Is it treasonous to go on strike against your employer? Most reasonable people would say no. But, given the opportunity, most Bosses would make it illegal for their employees to strike for better wages and conditions. The government, as employer of many thousands of public sector employees, is the only employer that has the ability to outlaw strikes by its employees. Al Shanker, who led New York City’s school teachers on a number of strikes between the early 1960s and the late 1970s, grumbled that the illegality of strikes and the steep fines and penalties incurred by city unions that strike anyway were a holdover from monarchistic thinking, and that there isn’t even the slimmest pretext of arguing for public safety or welfare in making them illegal. Shanker would point out that teachers at private schools would face no penalty if they chose to strike, even though such a strike would create the same kind of disruptions for parents as a public school strike.

Shanker’s point should be made again in the case of the Transport Workers Union, who are in court trying to get their dues checkoff reinstated, after it was canceled as a part of the hefty fines and penalties that were levied against the union after its 2005 strike. Even though the MTA, the technical employer of New York’s bus and subway workers, supports the union’s efforts to return to regular operations (apparently, the union’s inability to handle a backlog of grievances is harming the Authority’s ability to run the system), the Bloomberg administration is opposing it, demanding that union leaders “once and for all time declare unequivocally that they may not, and will not, ever again engage in a strike.”
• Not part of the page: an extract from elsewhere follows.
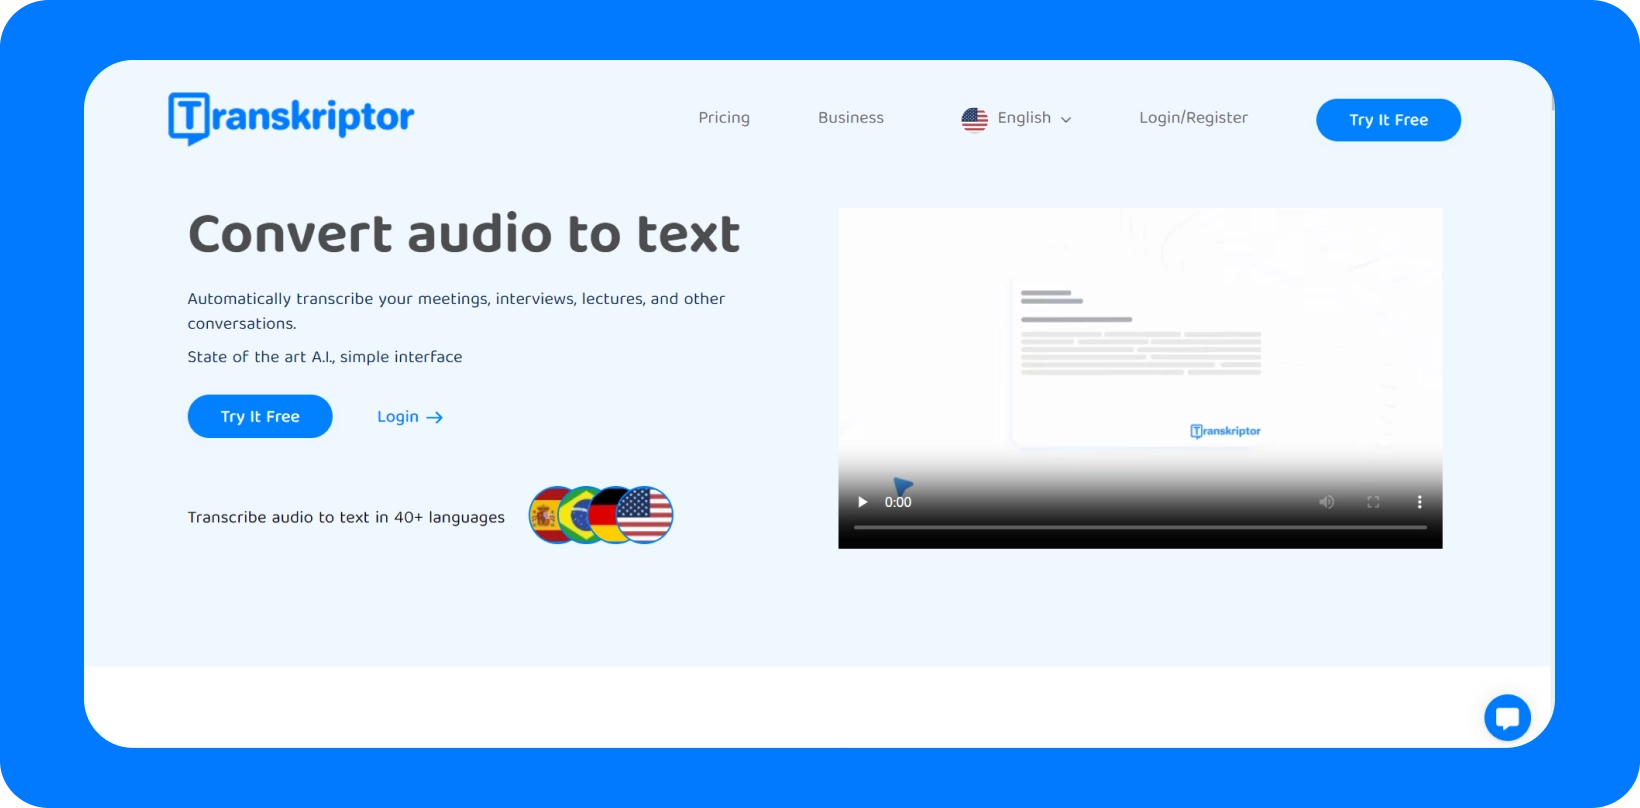 Transkriptor interface showcasing 'Convert audio to text' service with multi-language support.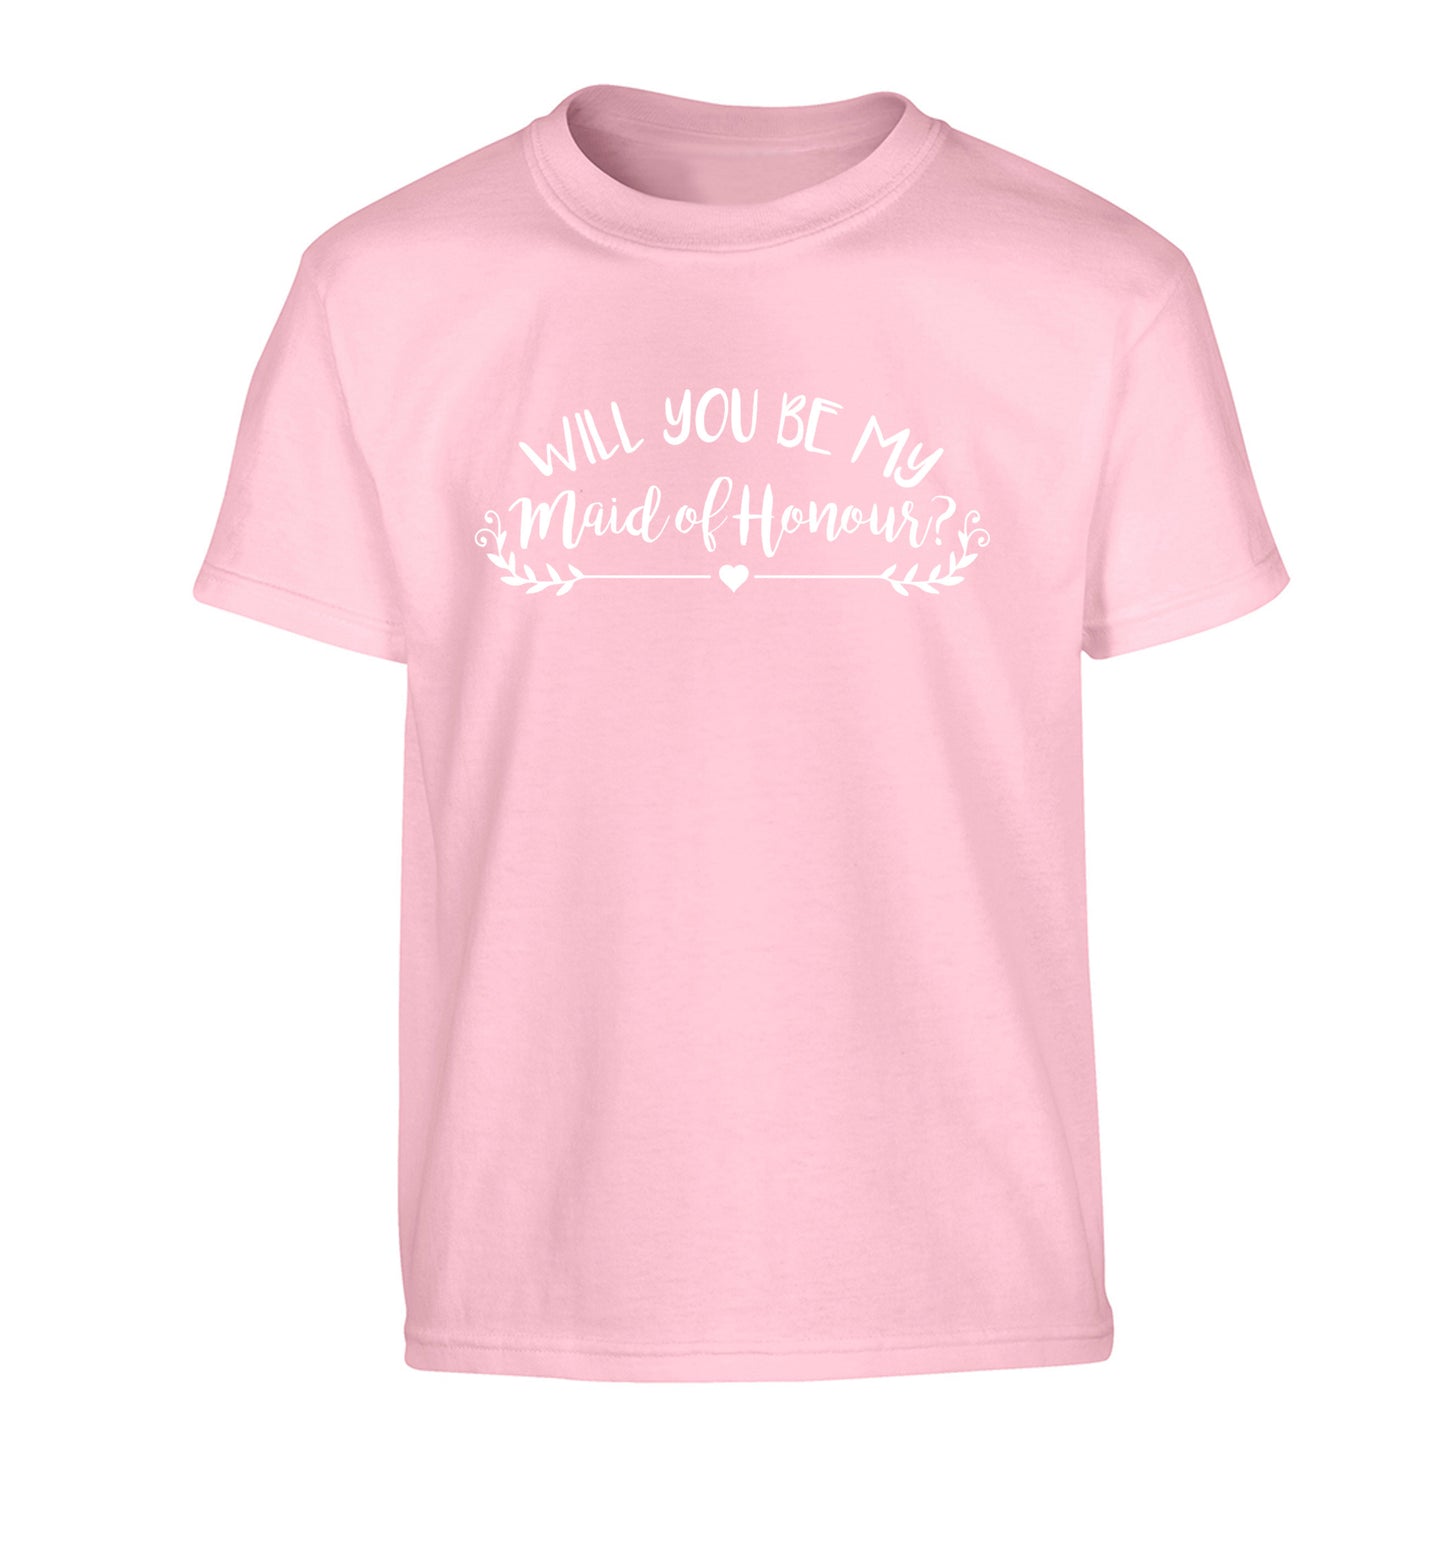 Will you be my maid of honour? Children's light pink Tshirt 12-14 Years

What gall! TWU was actually the first union to be recognized and sign a contract with the city of New York. That’s because the union was first organized in the 1930’s when the city’s bus and subway lines were owned and operated by private corporations. The union struck for and won greater wages and benefits back then, and the strikes were 100% legal. The New York City Transit Authority took over in the 1950’s, and the transit workers became public sector employees and lost their “right” to strike. Same workers, same job, same union, same contract. First legal, then illegal, but not because the idea of a transit strike became “unsafe” or more of a disruption, but simply because the new Boss had the ability to set the laws that made the strike illegal. Good for TWU President Roger Toussaint for refusing to submit to Mayor Bloomberg’s monarchistic thinking.